In the final step, we will extract the factor loadings for each variable corresponding to each factor. We have converted the final 2d array to a Pandas data frame so that it is easier to understand.

	0	1	2	3	4	5
A1	0.09521974225	0.04078315808	0.04873388544	-0.5309873495	-0.1130573296	0.1612163531
A2	0.03313127607	0.2355380394	0.1337143946	0.6611409759	0.063733787	-0.006243536373
A3	-0.009620884158	0.3430081731	0.1213533673	0.6059326946	0.03399026531	0.1601064273
A4	-0.08151755875	0.2197167204	0.2351395315	0.4045940388	-0.125338019	0.08635570252
A5	-0.1496158854	0.4144576737	0.1063821654	0.4696982914	0.03097657247	0.2365193425
C1	-0.004358402322	0.07724775244	0.5545822542	0.007510696144	0.1901237294	0.0950350462
C2	0.06833008359	0.03837038378	0.6745454503	0.05705498763	0.08759259138	0.1527750794
C3	-0.03999367337	0.03186730037	0.5511644394	0.1012822407	-0.0113380875	0.008996283589
C4	0.2162833656	-0.06624077375	-0.6384754897	-0.1026169404	-0.1438464754	0.3183589004
C5	0.2841872452	-0.1808116969	-0.5448376774	-0.05995482185	0.02583709444	0.1324234458
E1	0.02227979411	-0.5904508905	0.05391490631	-0.1308505313	-0.07120457953	0.1565826561
E2	0.2336235667	-0.6845776318	-0.08849707106	-0.1167156651	-0.0455610415	0.1150654014
E3	-0.0008950062665	0.5567741796	0.1033903473	0.1793964806	0.2411799037	0.2672913156
E4	-0.1367880762	0.6583949072	0.113798005	0.2411429611	-0.1078082035	0.1585128513
E5	0.03448958849	0.5075350823	0.309812528	0.07880428634	0.2008213507	0.00874730272
N1	0.8058059388	0.06801130302	-0.05126378745	-0.1748493582	-0.07497711895	-0.09626617104
N2	0.7898316869	0.02295829406	-0.03747686989	-0.1411344819	0.006726461165	-0.1398226126
N3	0.7250812171	-0.06568693383	-0.05903943749	-0.01918381747	-0.01066355481	0.06249533658
N4	0.5783188498	-0.3450723247	-0.162173861	0.0004031249446	0.06291648314	0.147551243
N5	0.523097071	-0.161675117	-0.02530497777	0.09012479018	-0.1618919778	0.1200494769
O1	-0.02000401796	0.225338562	0.1332007995	0.005177937857	0.4794772167	0.2186898349
O2	0.1562301084	-0.001981519764	-0.08604684937	0.04398910669	-0.4966396744	0.1346929729
O3	0.01185101513	0.3259544824	0.09387961097	0.07664164686	0.5661280477	0.2107772204
O4	0.2072805716	-0.1777457135	-0.005671465969	0.1336555723	0.3492271365	0.178068367
O5	0.06323436646	-0.01422106258	-0.04705922852	-0.05756077769	-0.576742635	0.1359358722

Fig: Output of fa.loadings_

What do the results tell us?

So you got a 2-D array of 25 rows and 5 columns as the final output. What does that mean? If you take a closer look at the data, you will spot that specific factors have high loading values for specific variables.

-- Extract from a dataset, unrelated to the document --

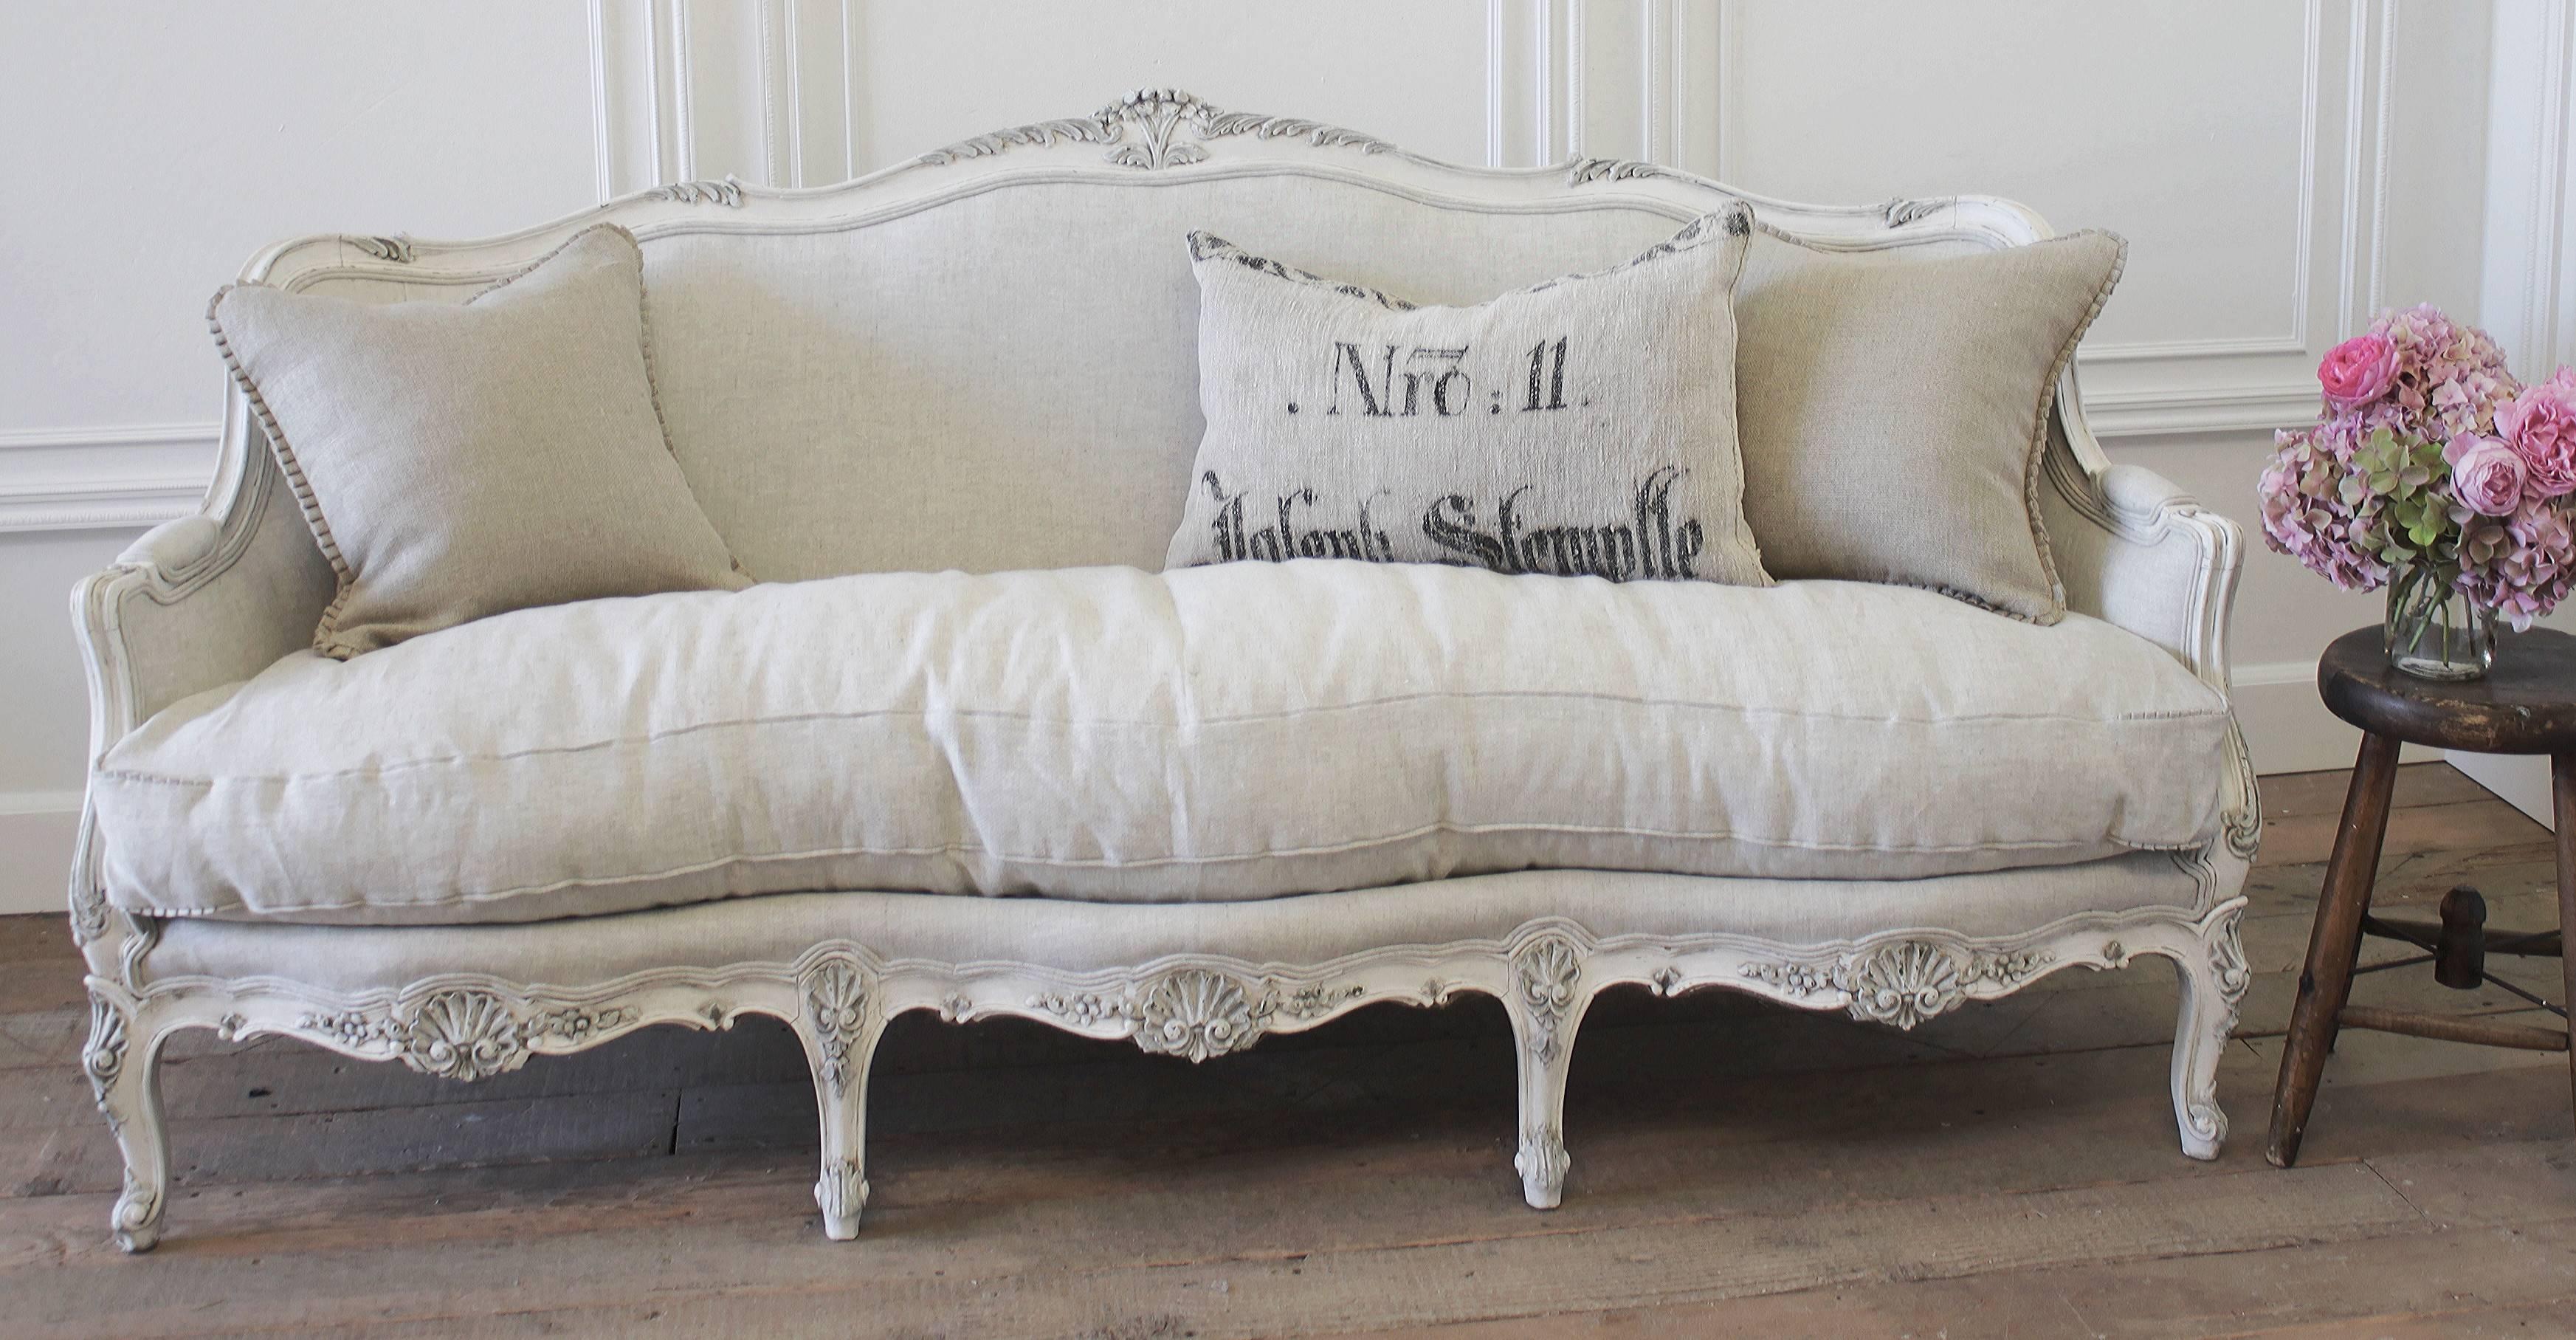 Beautiful antique sofa with carved flowers and shell motifs, painted in our signature oyster white finish and reupholstered in a heavy Belgian Linen. The sofa frame has a two tone painted finish, all of the carvings are hand-painted in a soft French
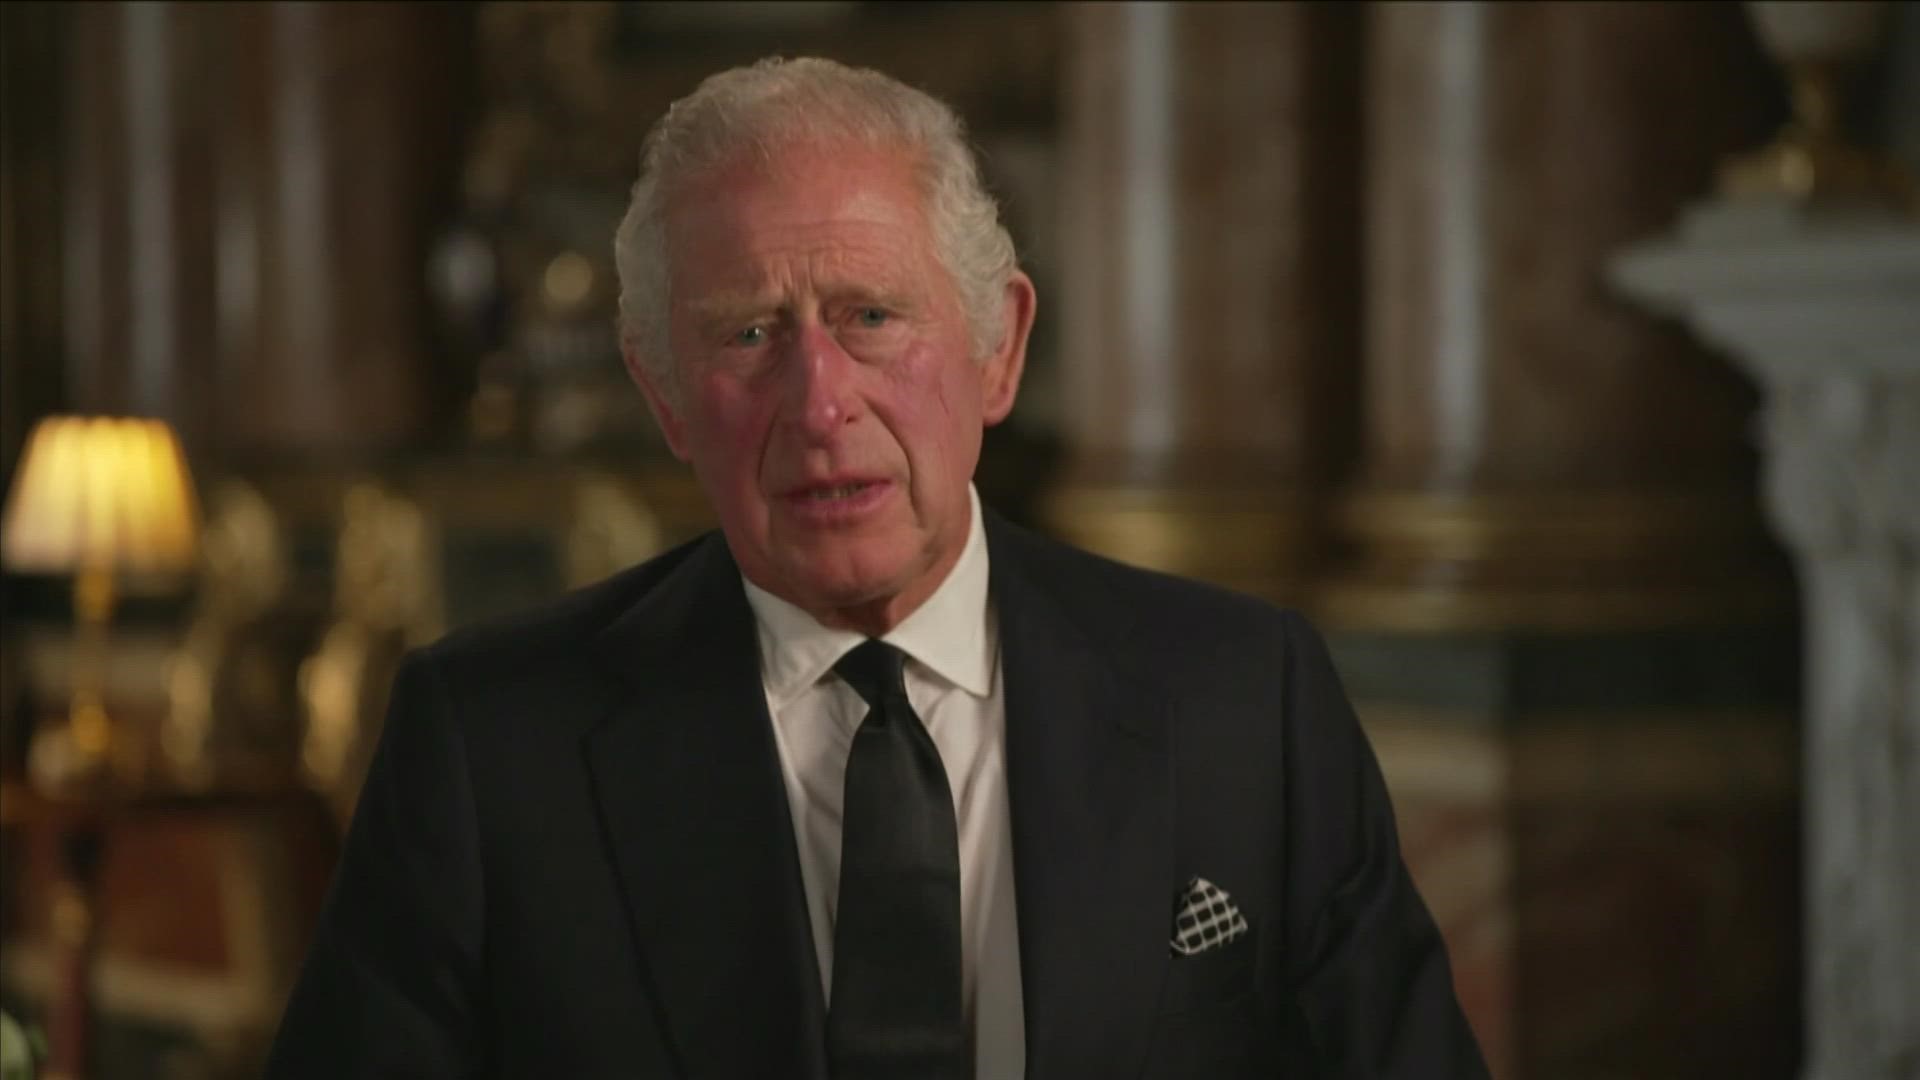 King Charles III says he feels “profound sorrow” over the death of his mother, Queen Elizabeth II, and vows to carry on her “lifelong service” to the nation.

Factor 0	N1, N2, N3, N4, N5
Factor 2	E1, E2, E3, E4, E5
Factor 3	C1, C2, C3, C4, C5
Factor 4	A1, A2, A3, A4, A5
Factor 5	O1, O2, O3, O4, O5
Factor 6	No high loading value for any variable.

So in a way, our estimate missed the mark, and our results will be better if redone with just 5 factors instead of 6. You can try that out on your system and share the results!